Обычно я не брал заказы столь отдалённые, но этот случай был интересным, да и платили не скупясь. В поездке меня неизменно сопровождал мой старый саквояж — мой верный спутник из телячьей кожи.
Когда, наконец, выглянула станция провинциального городка, я стал изнывать от скуки, представляя эту размеренную, вязкую, слипшуюся жизнь местных. Здесь тебе и здания с колоннами, пропитанные пылью суглинчатой истории, но распроданные под магазины с мелочёвкой и витиеватый лабиринт одинаковых дверей и витрин. А ещё здесь скопление голубей, ожидающих прибытия поездов. Кстати, о поездах: мой дальше не шёл. Конечная.
Поймав попутку, я добрался до нужного мне адреса, к сожалению, расположенного за городом. И, как назло, поезда туда не следовали, автобусы не ходили. Впрочем, где бы ещё могла оказаться моя клиентка, как не в таком месте?
Прошагав несколько метров от остановки, где меня бросил в меру отзывчивый водитель, я приблизился к старым кованым воротам.

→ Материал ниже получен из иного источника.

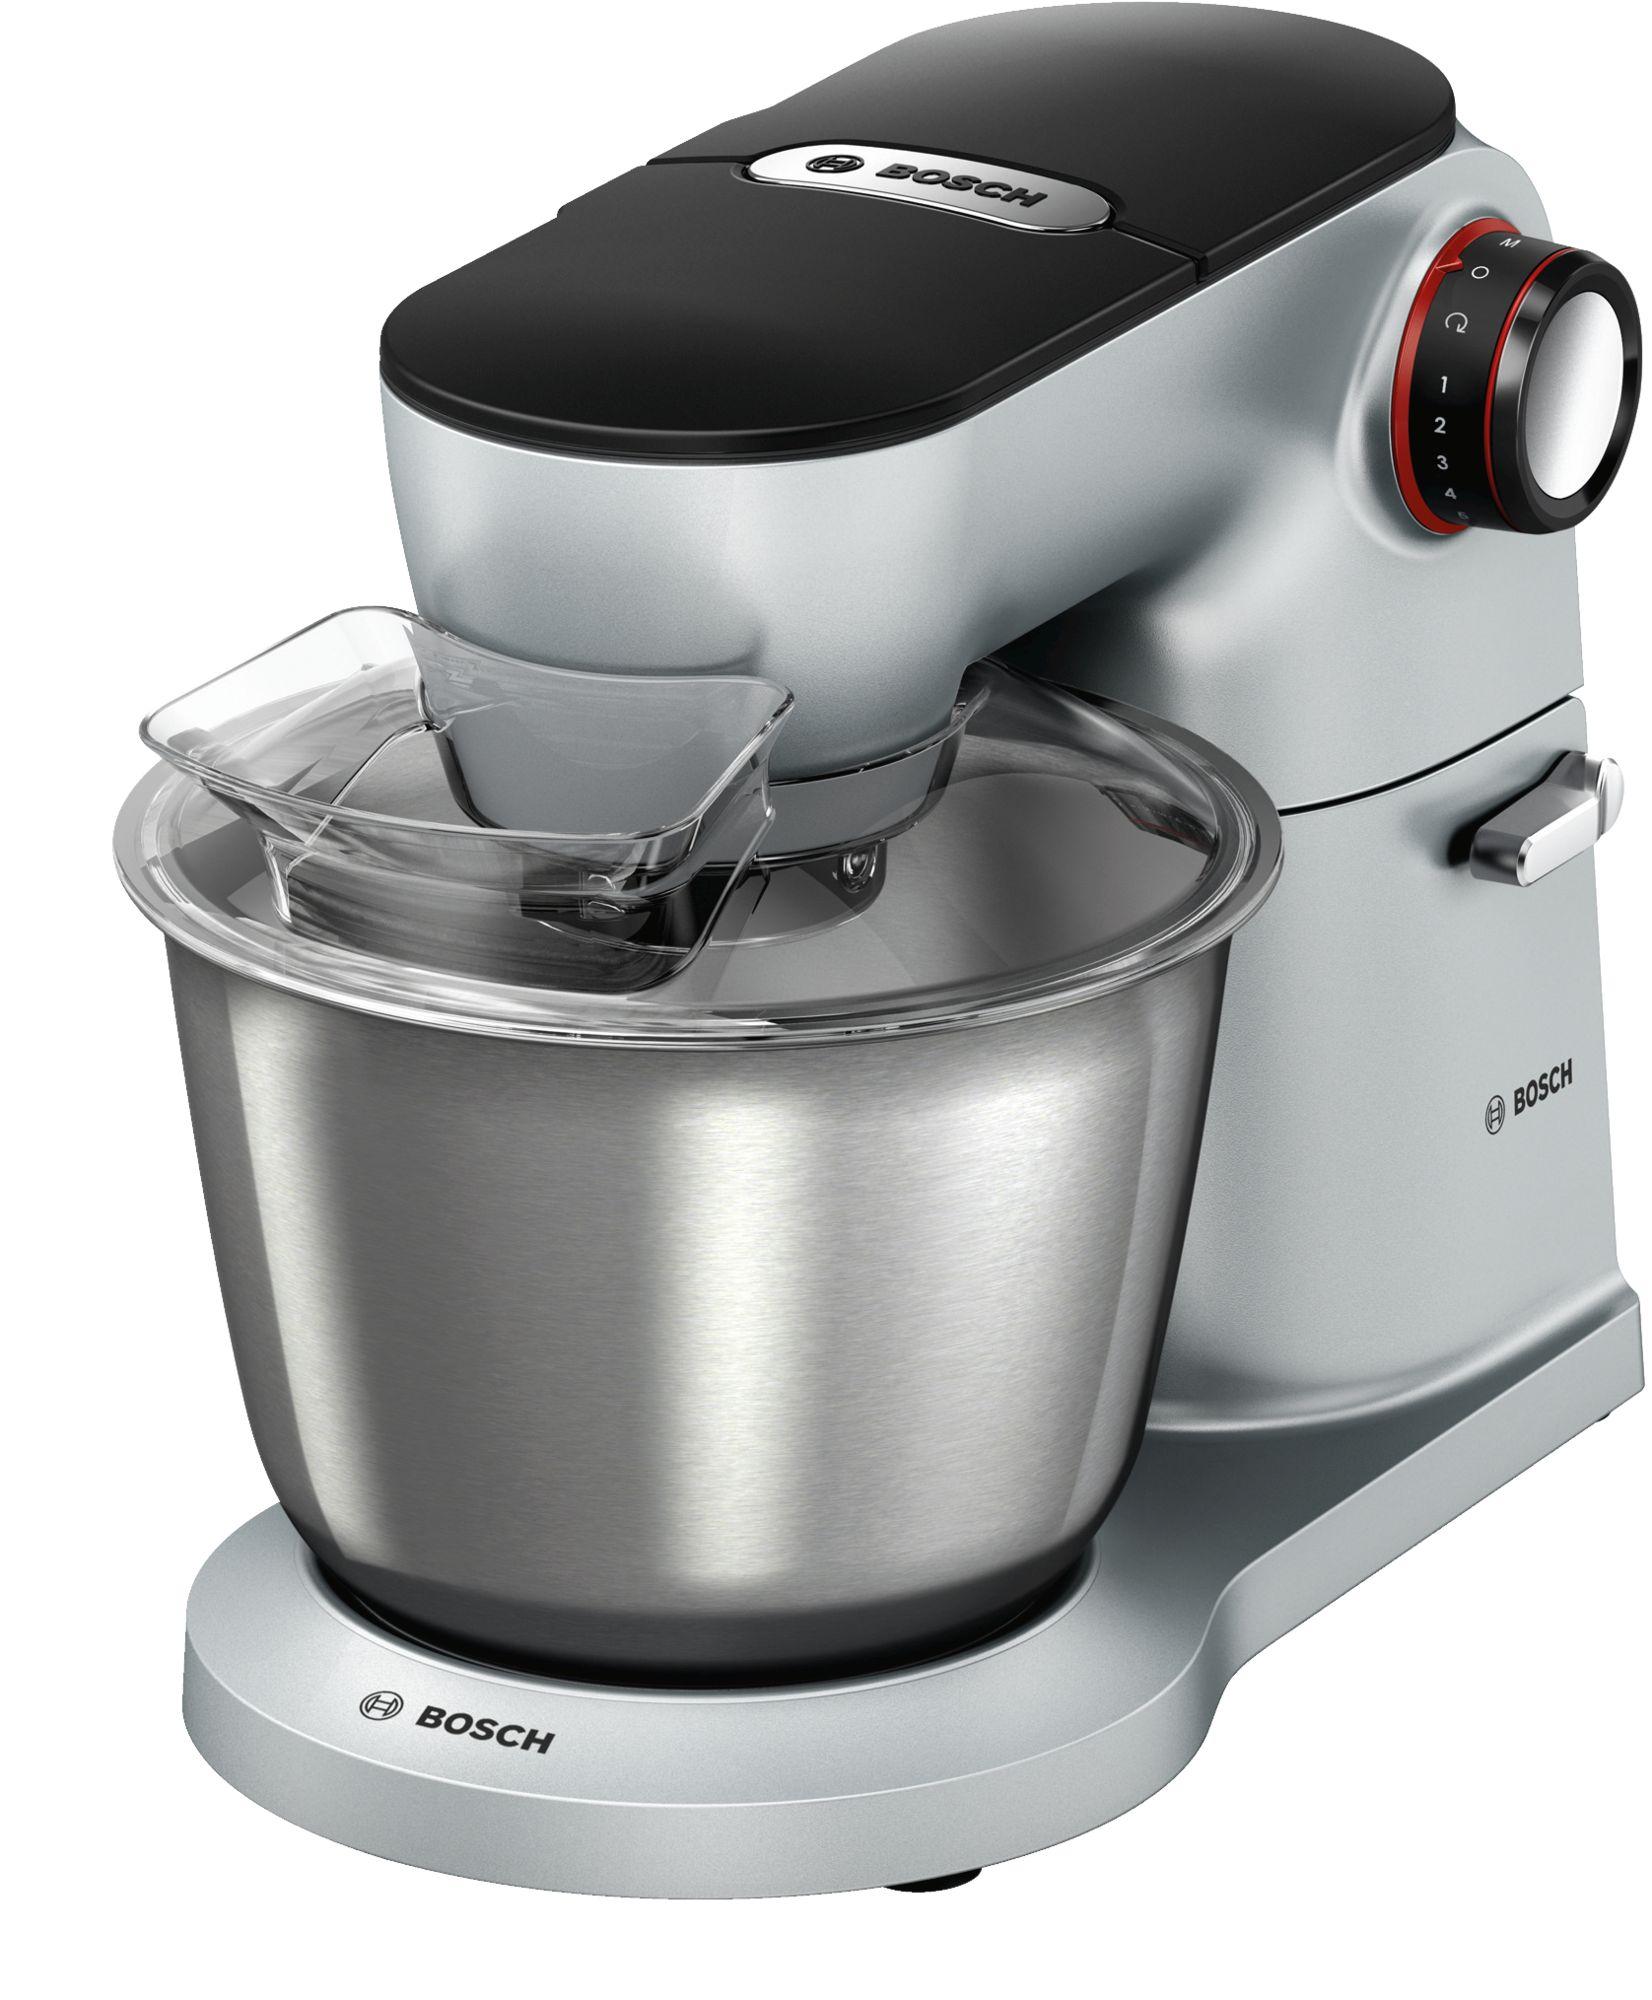 Universal Küchenmaschine Bosch 2021
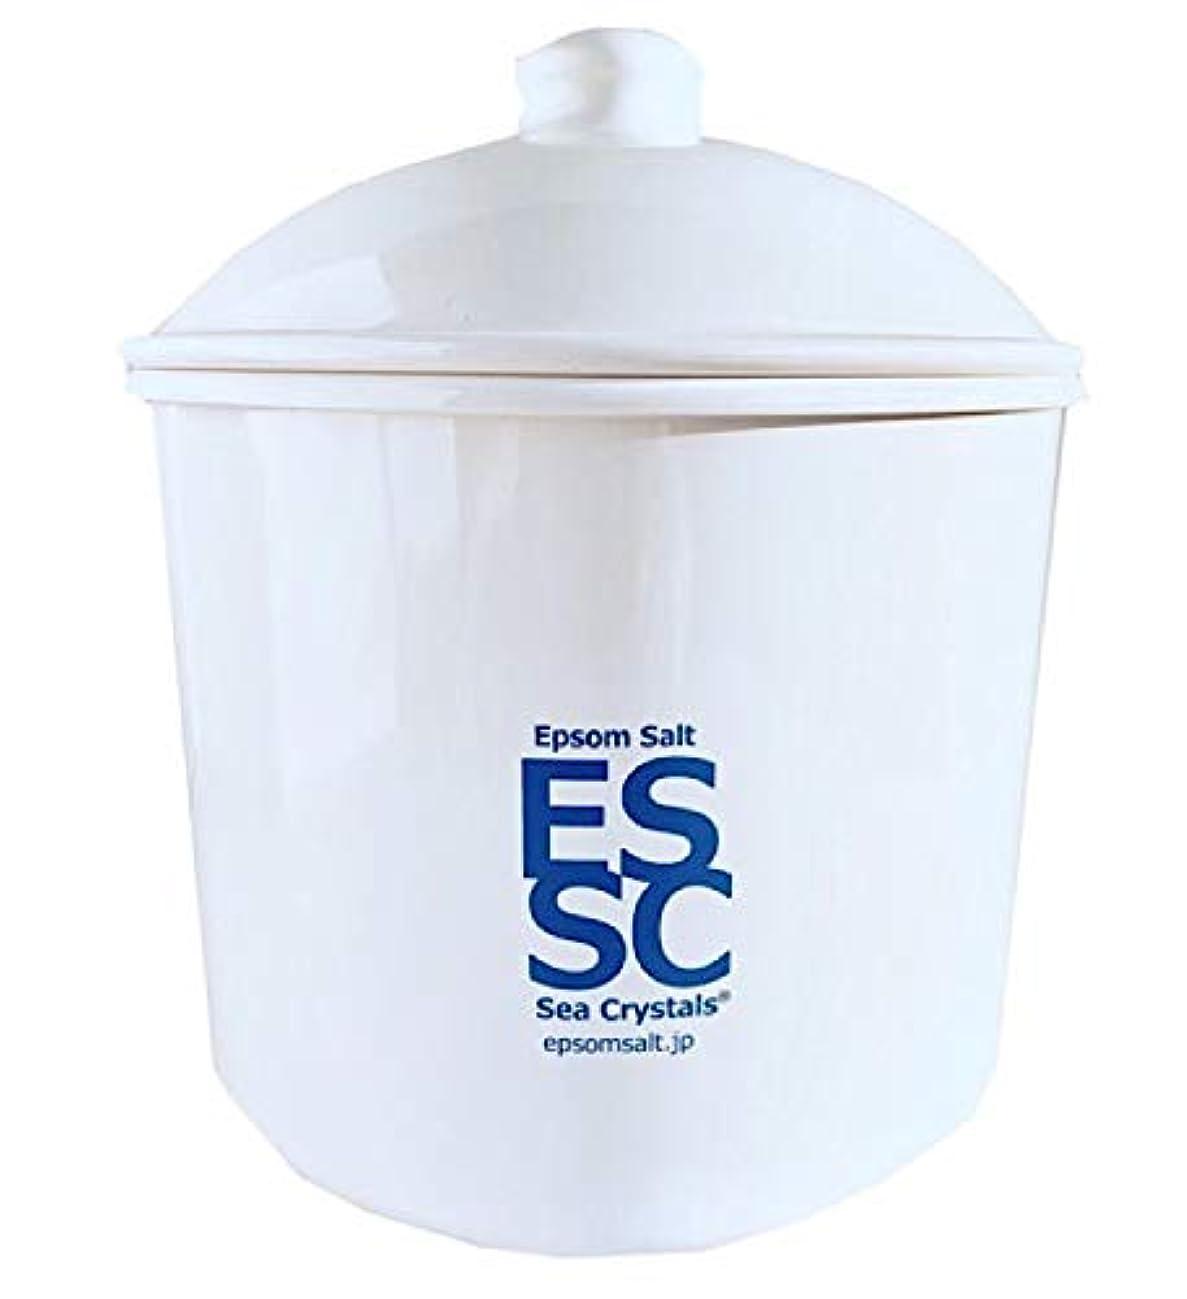 ブラウスマリン証明シークリスタルス 国産 エプソムソルト 入浴剤 ケース入り2.2kg 約14回分 計量スプーン付き 無香料 硫酸マグネシウム

Особняк, выросший передо мной, находился в таком запустении, что казалось, будто время отвоёвывало право на него: термитами выгрызало стены, ветрами вздымало черепицу, вменяя свою силу, и, наконец, безденежьем (хотя в этом заслуга хозяйки дома) соскабливало некогда красочный фасад в сплошную труху.
Я открыл ворота, которые поддались со скрипом, и на меня повеяло холодным ветром, неприятно отдающим сыростью. Верно, это брюхо низвергалось ко мне — ненасытное, недремлющее.
Я уверенным размашистым шагом длинных худощавых ног направился в сторону особняка, который лелеял мой приход. Он ожидал, радушно покачивая сливовыми ветками, окропляя моё лицо капельками, нежно замирающими на свежей щетине.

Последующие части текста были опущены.